Sunday 18 August 2019

'I've probably been the worst player so far' - Judd Trump plays down title chances after storming comeback

Judd Trump celebrates beating Ding Junhui during day ten of the 2019 Betfred World Championship at The Crucible, Sheffield. Simon Cooper/PA Wire
Judd Trump celebrates beating Ding Junhui during day ten of the 2019 Betfred World Championship at The Crucible, Sheffield. Simon Cooper/PA Wire

Mark Staniforth

Judd Trump insisted he is still "leagues" away from winning an elusive first World Championship title despite reeling off six consecutive frames to sink Ding Junhui.

Trump, who made his solitary final appearance in 2011, turned a 7-9 deficit into a 13-9 victory over the Chinese player to set up a quarter-final against Scotland's Stephen Maguire.

But the 29-year-old has been far from happy with his form in the tournament having squeezed through his first round match against Thepchaiya Un-Nooh, and believes others stand a far better chance of success.

Trump said: "I've probably been the worst player of the whole tournament so far so I knew I had to raise my game and I was prepared to go out there and fight.

"You have to look at Neil Robertson and Kyren Wilson - those two are leagues above the standard I've seen in the tournament so far, so I just have to keep competing and hope my chance will come."

Trump quickly erased any lingering frustration from an erratic opening session with a break of 93 in the first frame of the evening to reduce the deficit to one.

And with Ding, like Trump a former finalist who is still chasing the sport's major prize, struggling to get a look-in, Trump went on to make three more half centuries then a 103 to move within one of victory.

After completing the job, Trump, who is in the midst of one of the best seasons of his career with three titles including the Masters, relished his meeting with Maguire.

"He is a very fiery character who can intimidate you if you're not playing well," added Trump. "We've had a good few battles over the years. If I start like I have in my last two matches again, I'll be going home."

Earlier, Wilson rose to the occasion to reel off back-to-back centuries and seal a 13-11 victory over Barry Hawkins in a record-breaking second round meeting.

Breaks of 125 and 132 in the last two frames saw Wilson erase an overnight deficit of 9-7 as he took the total of tons in the match to nine - a new mark for a best-of-25 match in Sheffield.

Wilson's break in the penultimate frame saw him edge in front for the first time in a match in which he had trailed 6-1, after Hawkins scored four centuries of his own in the first session.

Wilson said: "Towards the end I reeled off the games very comfortably. I've worked really hard for this event and that's the time you rely on it and it comes out."

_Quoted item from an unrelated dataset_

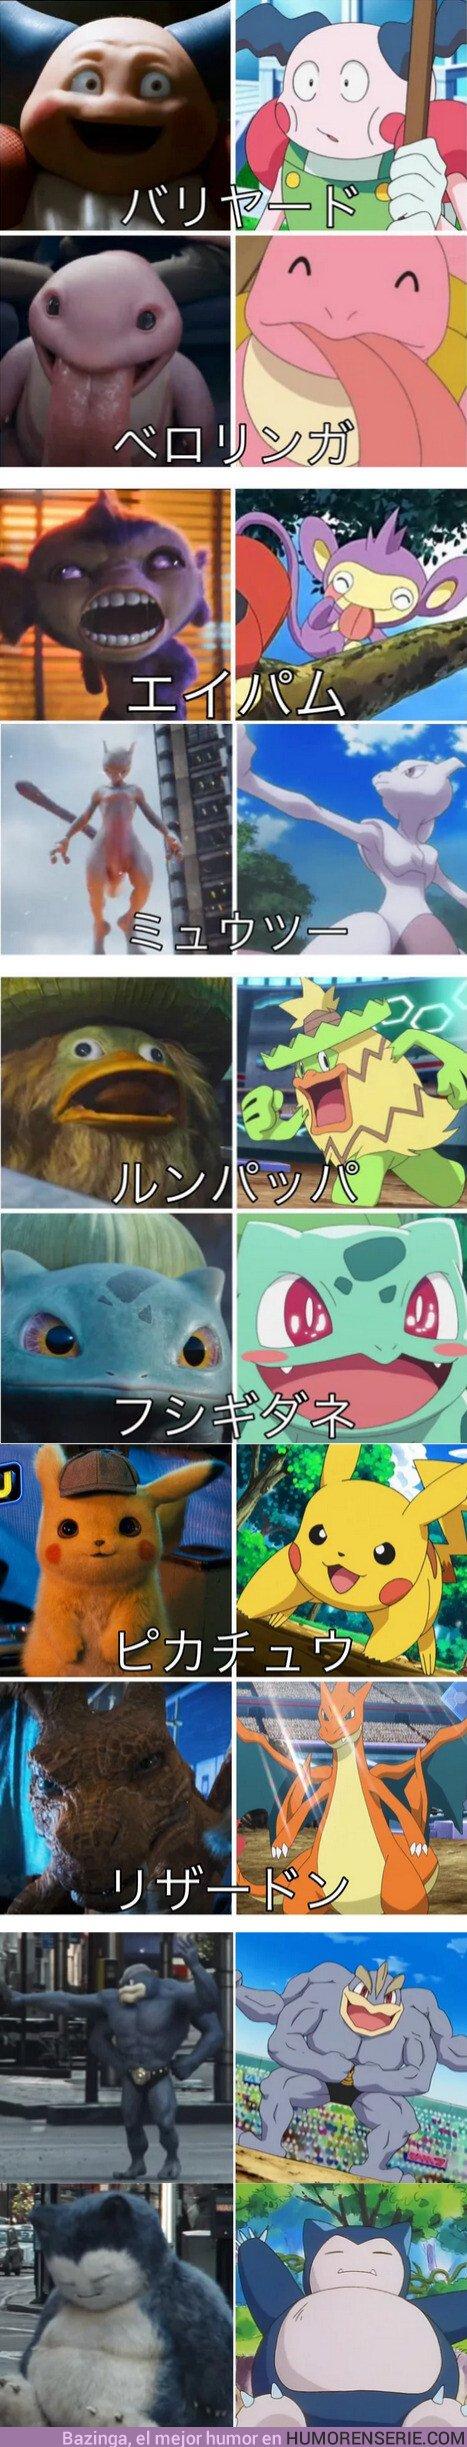 35606 - GALERÍA: Comparación de los Pokémon de la película con los del anime

Ali Carter drew on his renowned fighting spirit to reel off six successive frames and turn a 9-7 overnight deficit into a 13-9 victory over fellow qualifier Zhou Yuelong.

The two-time finalist, who has twice beaten cancer and also suffers from Crohn's Disease, will next face another qualifier, Gary Wilson, in his sixth career appearance in the last eight.

Consecutive breaks of 72 helped Carter nudge in front and, with Zhou appearing to wilt under the pressure, the Essex player kept his focus in a scrappy session to get over the line.

Carter said: "I feel like I've swum the channel to get through that match. It's just the fight I've got in me, and if I didn't have it maybe I wouldn't be here today.

"I feel like maybe I deserve to be world champion. I've lost twice in the final to Ronnie (O'Sullivan). I'm not really bothered about the other tournaments any more - this is the only one that matters."